At some point all disciplines require the transition from passive to active and that transition can be challenging. In courses like high school history and science, the emphasis on passively acquiring knowledge (yes, I realize that students write essays in history classes and apply formulas in science classes but that represents a relatively small portion of their time and, more importantly, the work those students do is fundamentally different from the day-to-day work done by historians and scientists). By comparison, junior high students playing in an orchestra, writing short stories or solving math problems are almost entirely focused on processes and those processes are essentially the same as those engaged in by professional musicians, writers and mathematicians. Unlike music and writing, however, mathematics starts out as a convergent process. . . .
This unique position of mathematics allows for any number of easy and effective self-study techniques. . . . All you need is a textbook and a few sheets of scratch paper. You cover everything below the paragraph you're reading with the sheet of paper. When you get to an example, leave the solution covered and try the problem. After you've finished check your work. If you got it right you continue working your way through the section. If you got it wrong, you have a few choices. . . .

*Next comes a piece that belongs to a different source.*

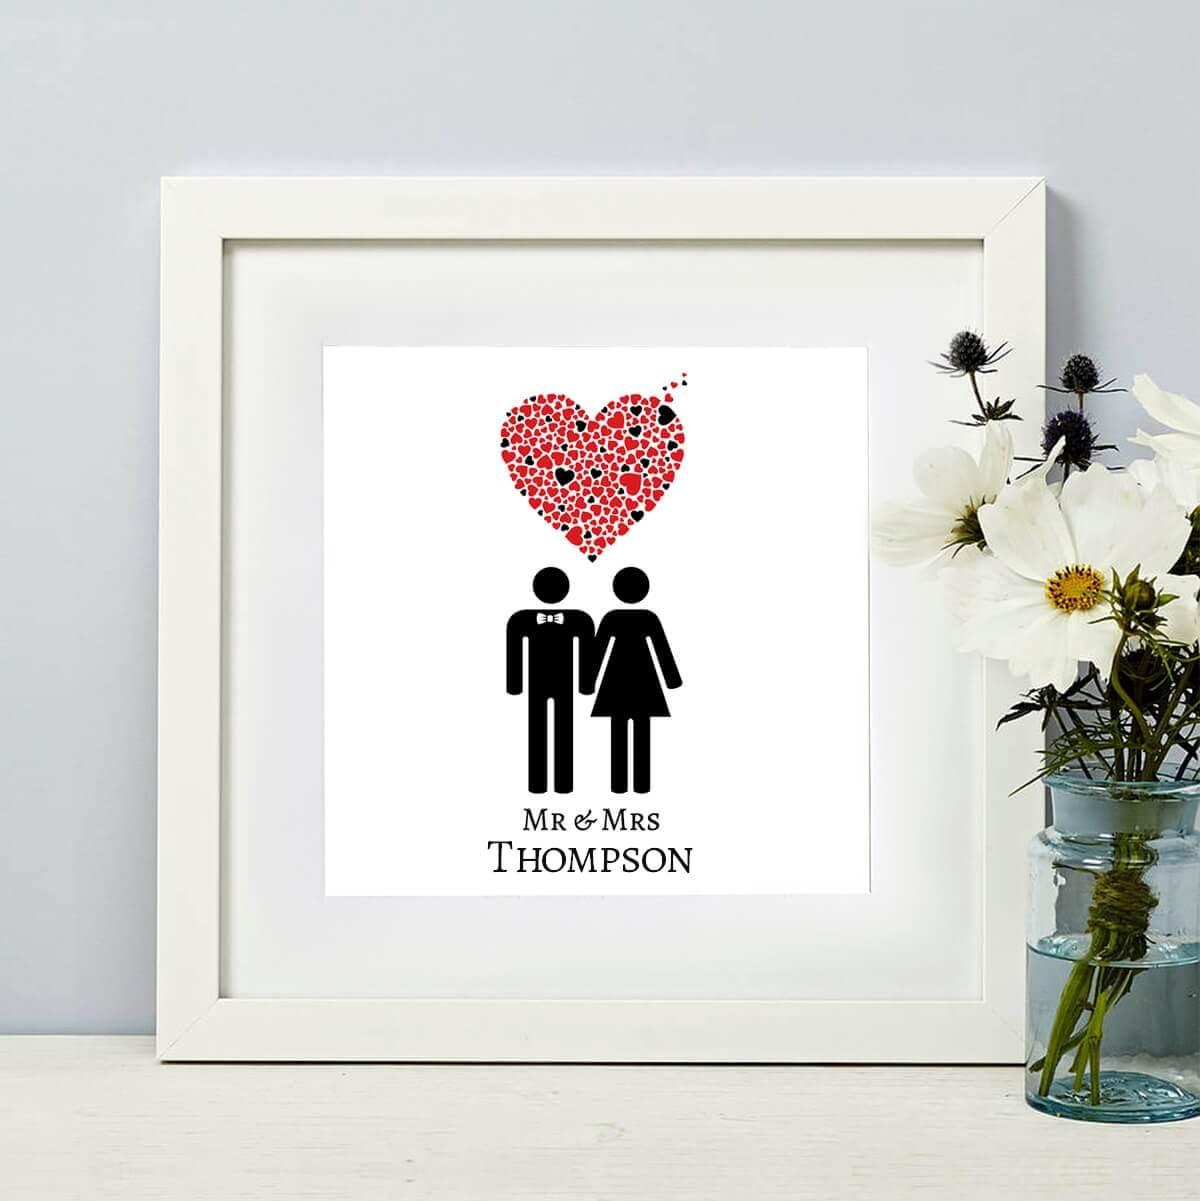 Personalised Mr & Mrs Heart Wall Art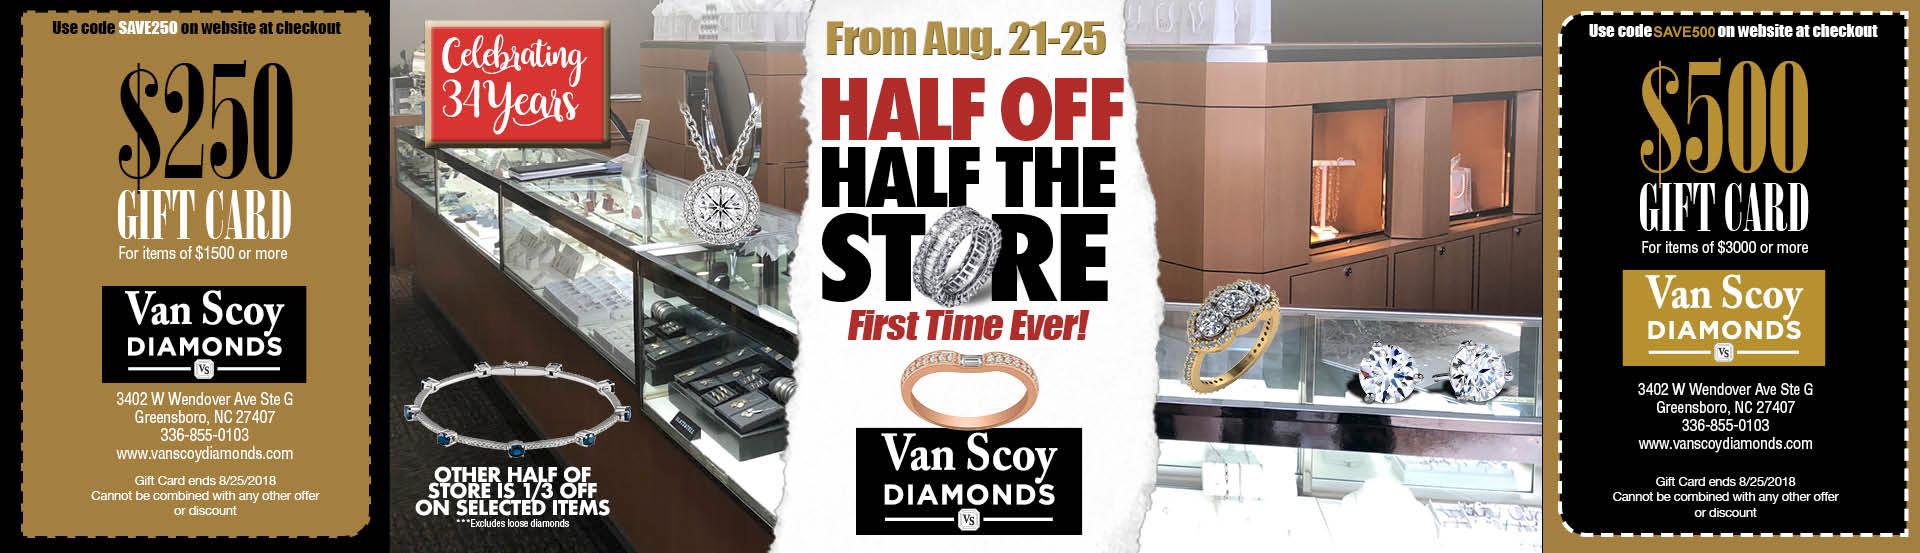 Half Off Half the Store

I have nothing to add to this except to agree that, yes, doing mathematical research (or, at least, doing mathematics as part of statistical research) really is like doing math homework problems! An oft-stated distinction is that homeworks almost always have a clear correct answer, whereas research is open-ended. But, actually, when I do math for my research, it surprisingly often does work out. Doing (applied) mathematical research is a little bit like waking through the woods: sometimes I get stuck and have to work around an obstacle, and I usually don't end up exactly where I intend to go, but I usually make some progress. And in many cases the math is smarter than I am, in the sense that, through mathematical analysis, I'm able to find a correct answer that is surprising, until I realize how truly right it is.
Also relevant is Dick De Veaux's remark that math is like music, statistics is like literature.